I probably COULD eat a sandwich a day, though, if I didn't love pasta and rice so much! glare.gif

Do you like broccoli? I find frozen broccoli (sometimes frozen myself if it was on sale fresh at the farmer's market) is about the easiest way to bulk out a pasta with a low-calorie component. Because I'm not going to stop eating pasta, I try to make sure it has mushrooms or broccoli or similar in it to make it a bit less pasta-per-serving while still filling the yawning hole in my heart only spaghetti can fill. wink.gif

I mean cauliflower does EXACTLY the same thing and I love that too, but my husband does not deign to eat cauliflower, only broccoli. wacko.gif
duckasorus
Lol thanks
I LOVE carbs and all things greasy :-S

We have brown rice and pasta.
We always use zucchini, mushrooms and olives to bulk out our italian foods.

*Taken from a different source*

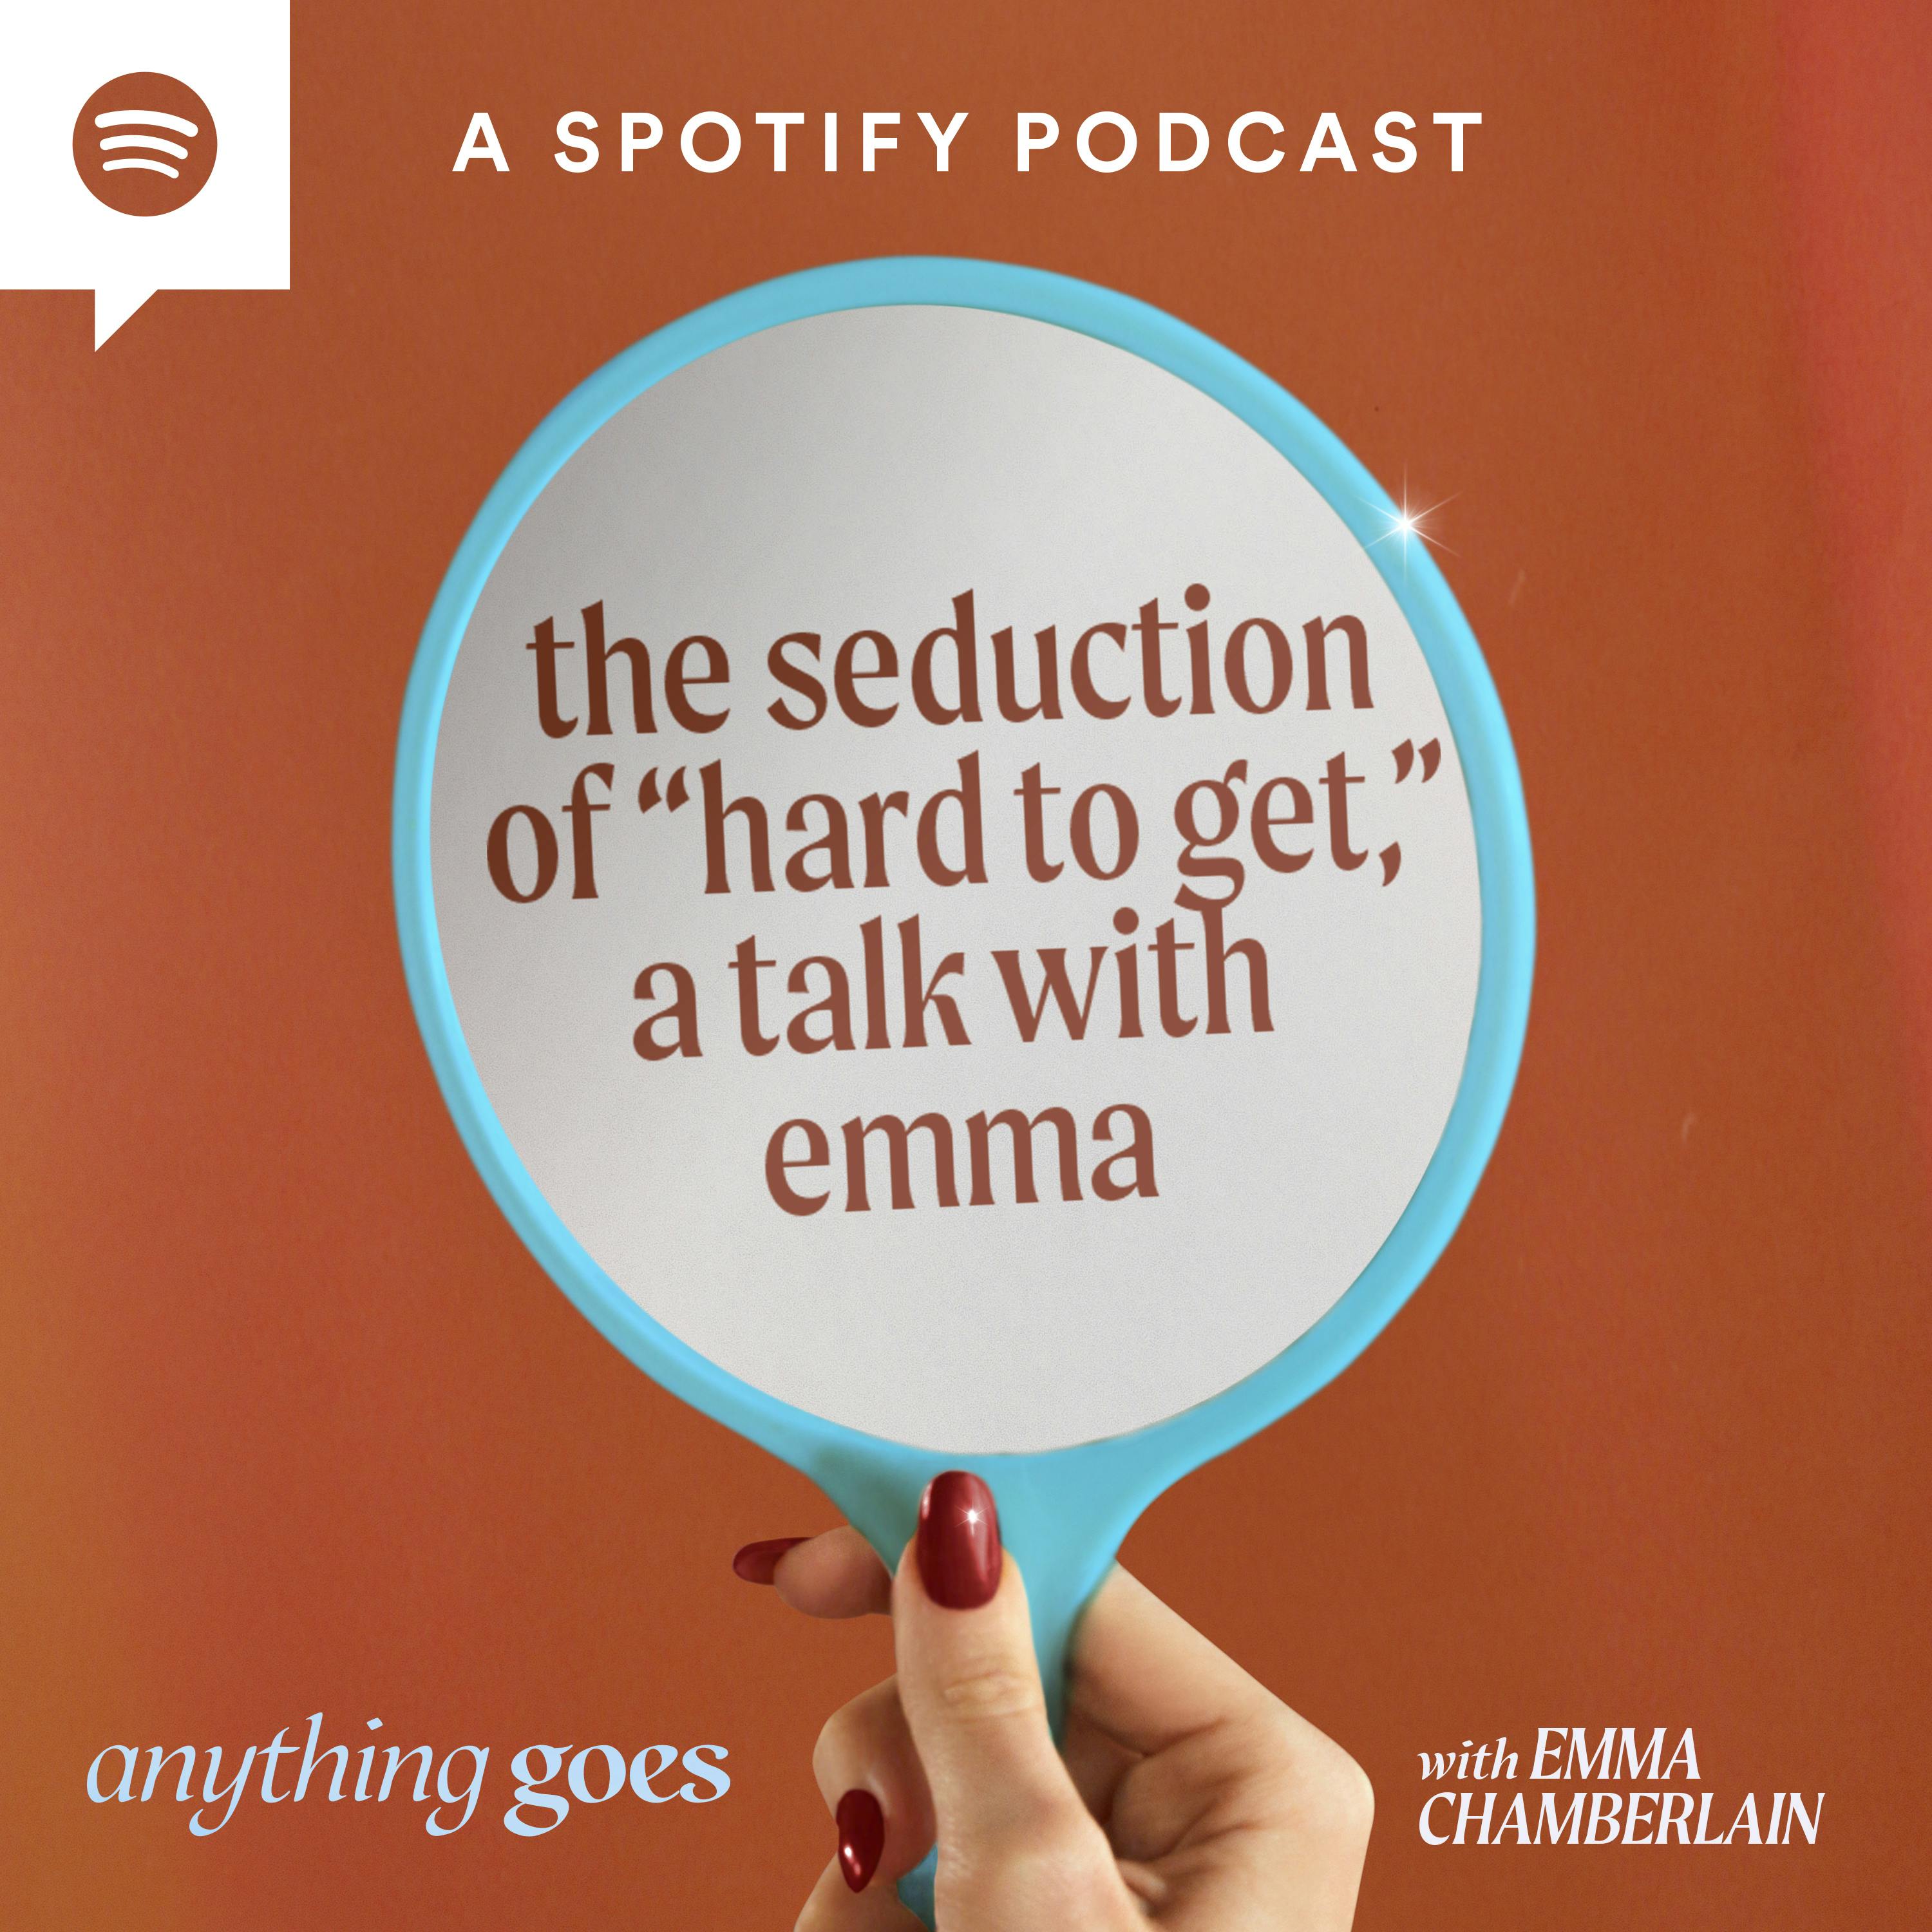 the seduction of ”hard to get,” a talk with emma

couliflower (sp) for currys (once a month if that)

When broccoli is in season we eat a fair bit.

At the moment we eat mixed lettuce, tomato, cucumber, olives, fetta and sometimes some french dressing as a side to steak/chops etc

Normally sandwich filling is (naughty I know) salad and salami or salad and ham.

Im not big on breakfast so its greek yoghurt and cup of tea with on sugar.

Snacks are homemade muffin (mini size) sliced apple/handful of grapes

My favourite pasta is the premade sides with grated carrot.. We have them max once a fortnight
amoral lemur
Oats

Steamed vegetables

Fish



trishalishous
banana, carrot and celery. they give me the sweet/crunching that i want and take away cravings.
i used to train, and never went more than 3hrs without eating (so premade snack boxes) as it stopped me overeating at meals.
i served my plate, then halved it. id drink some water and green tea, and if after 20mins i wanted seconds, id go back.
i never ate from the packet. chocolate/potato chips get served into a tiny bowl, and put away. then its green tea and a 20min wait before i go back for more.

i have a hormonal condition, so have 30kg to lose after this belly bub arrives! (21.5weeks and im still 3kg down on my prepreg weight-yay!)
cardamom
You can use cauliflower to bulk out mashed potato, or just have cauliflower mash on its own, it's quite nice.

My essentials (I'm not following any particular eating plan, so am happy to use artificial sweeteners etc., others may not be):

Lean chicken, ham
Grainy bread, or low GI dinner rolls from Baker's Delight for sandwiches
Wraps - been using the Wattle Valley lite white of late
Low-cal yoghurt
Fruit, especially bananas and apples (just because they're cheap and easy)
Steam fresh vegie bags for days when I'm out of time/haven't done the groceries
Diet jelly
Plain popcorn, water crackers
Light cheese
Oats
Chicken cup-a-soup (not healthy, but low-cal and I find them good as a filling snack)
Diet Coke ph34r.gif
And - don't judge - tinned beetroot, I LOVE it as a snack

And most of all - healthy single serve meals that I've frozen in advance for when I haven't got the time or inclination to cook.

I eat pasta, probably once a week. The biggest different I find is in measuring out my portion; most recipes and the packet state 100g as a single serve, but I usually have 60-70g, and find that it's plenty.